Information provided
════════════════════

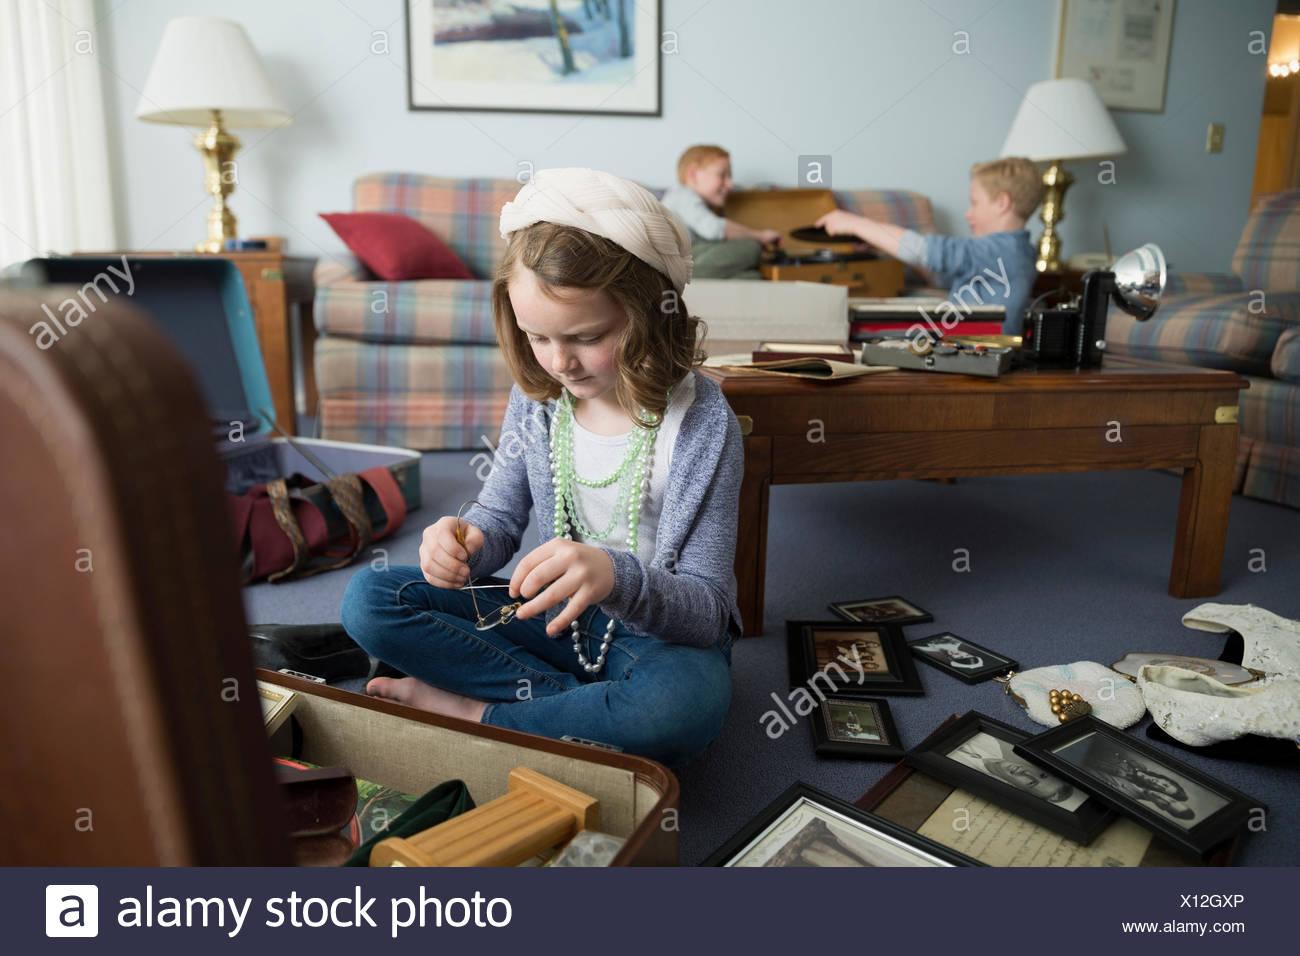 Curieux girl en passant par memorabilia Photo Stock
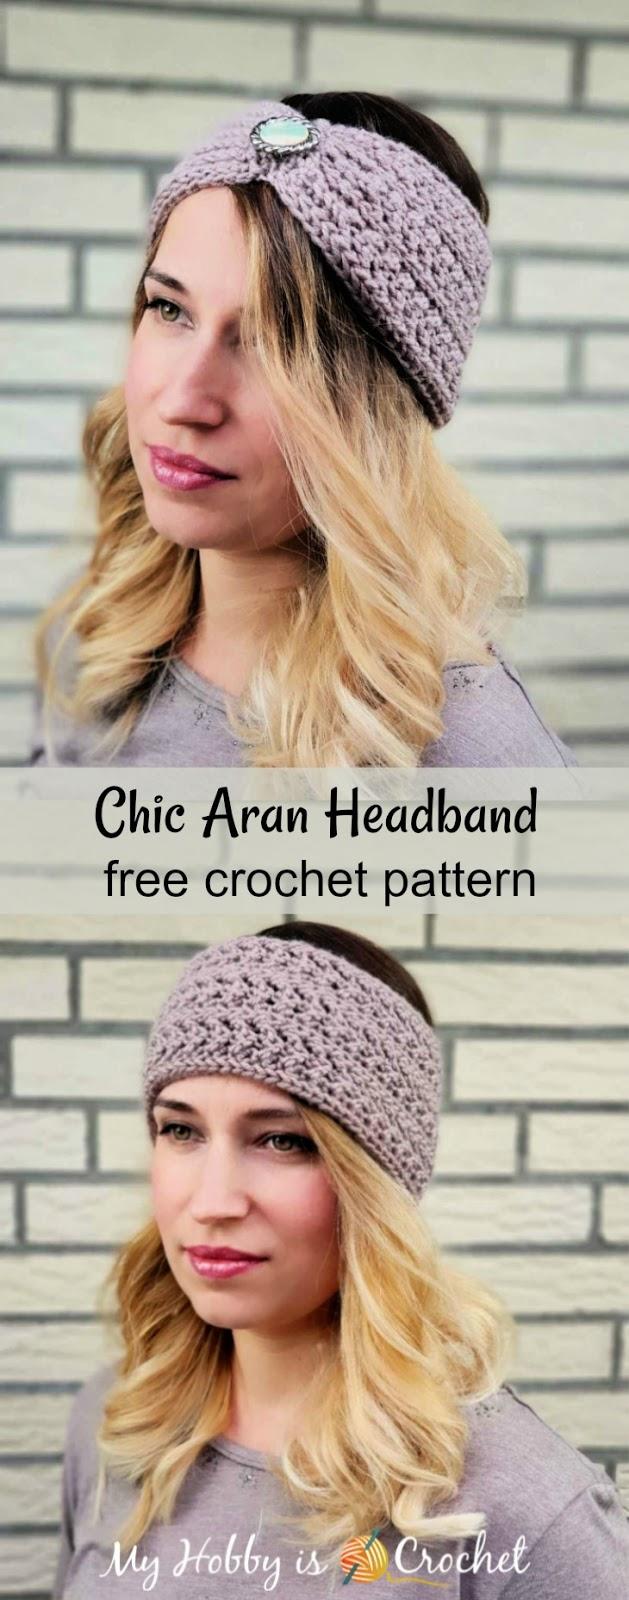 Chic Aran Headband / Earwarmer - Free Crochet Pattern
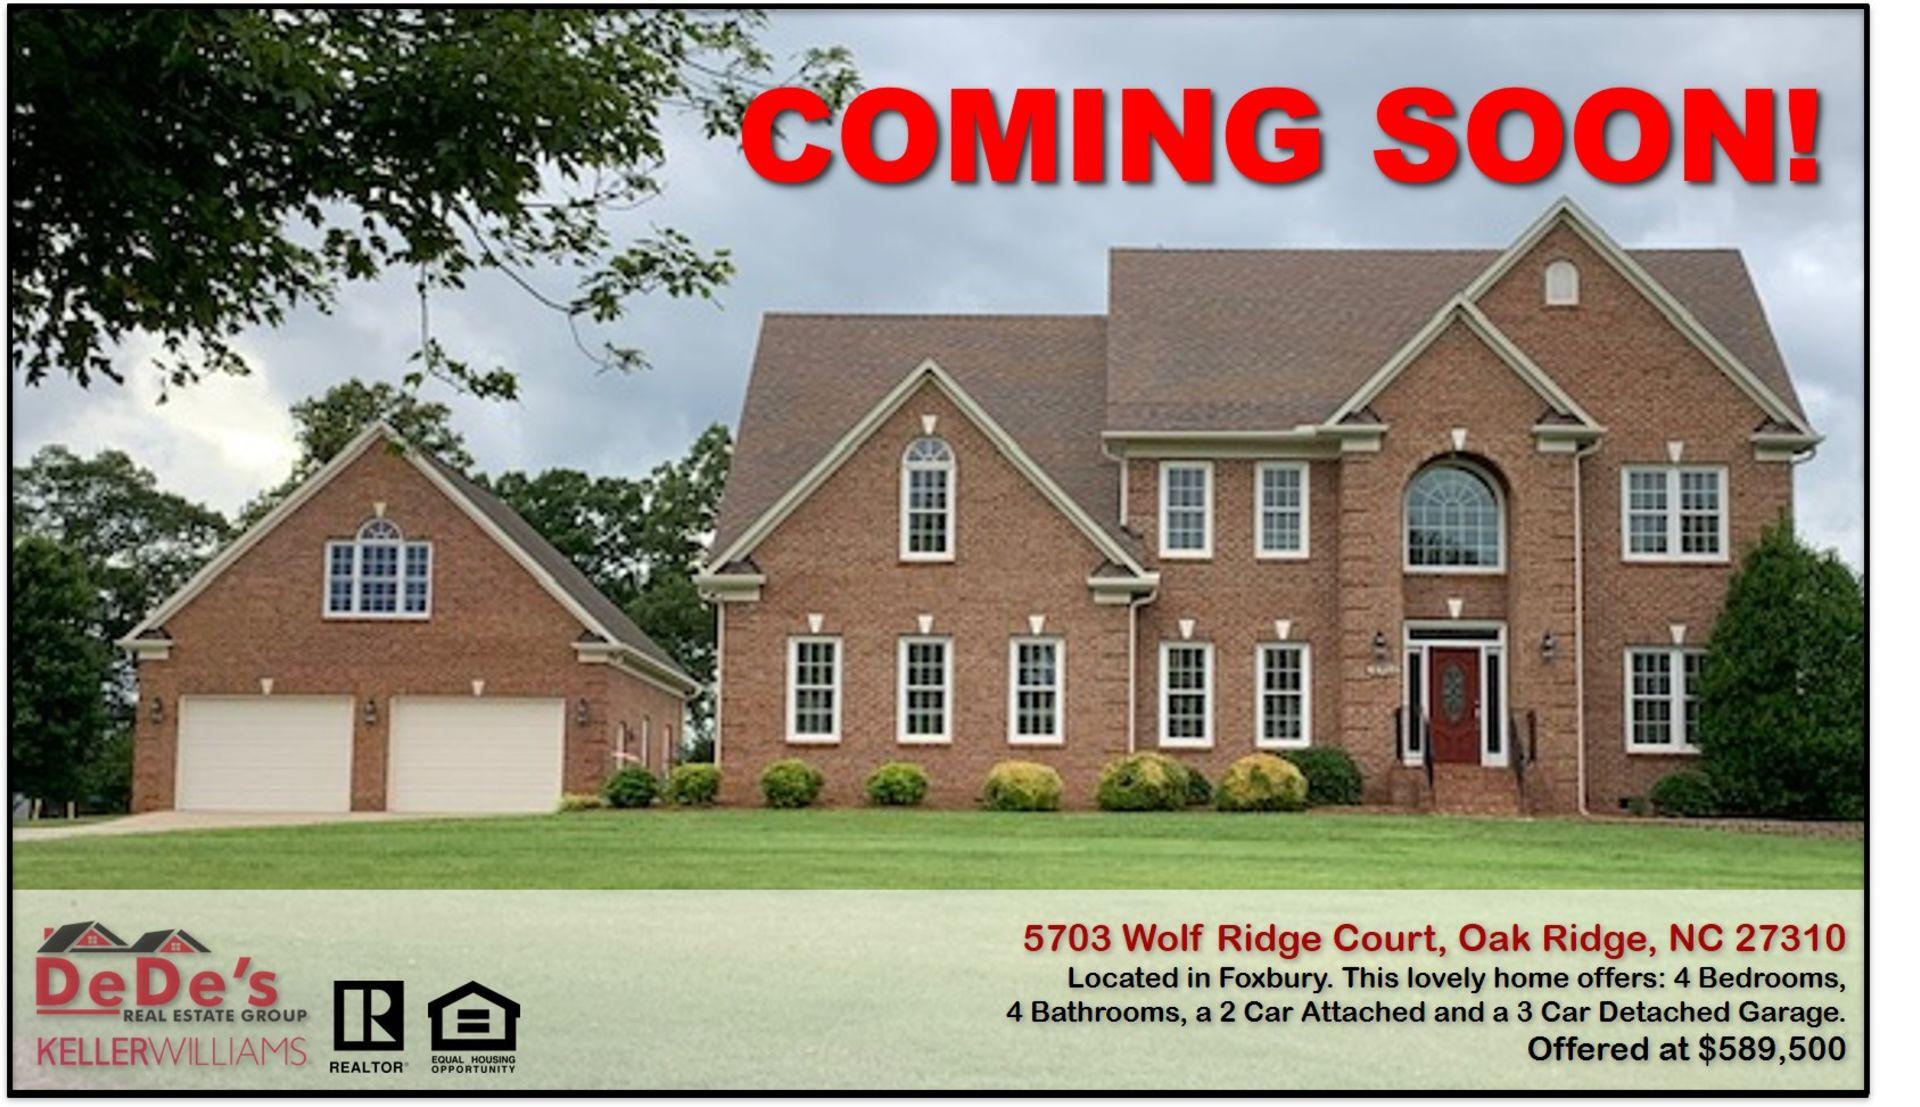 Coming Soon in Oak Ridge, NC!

════════════════════

Task requirements
For this exercise, give the listing again exactly as written, with the pictures omitted.

Answer area
 Curieux girl en passant par memorabilia Photo Stock
 Chic Aran Headband / Earwarmer - Free Crochet Pattern
 Coming Soon in Oak Ridge, NC!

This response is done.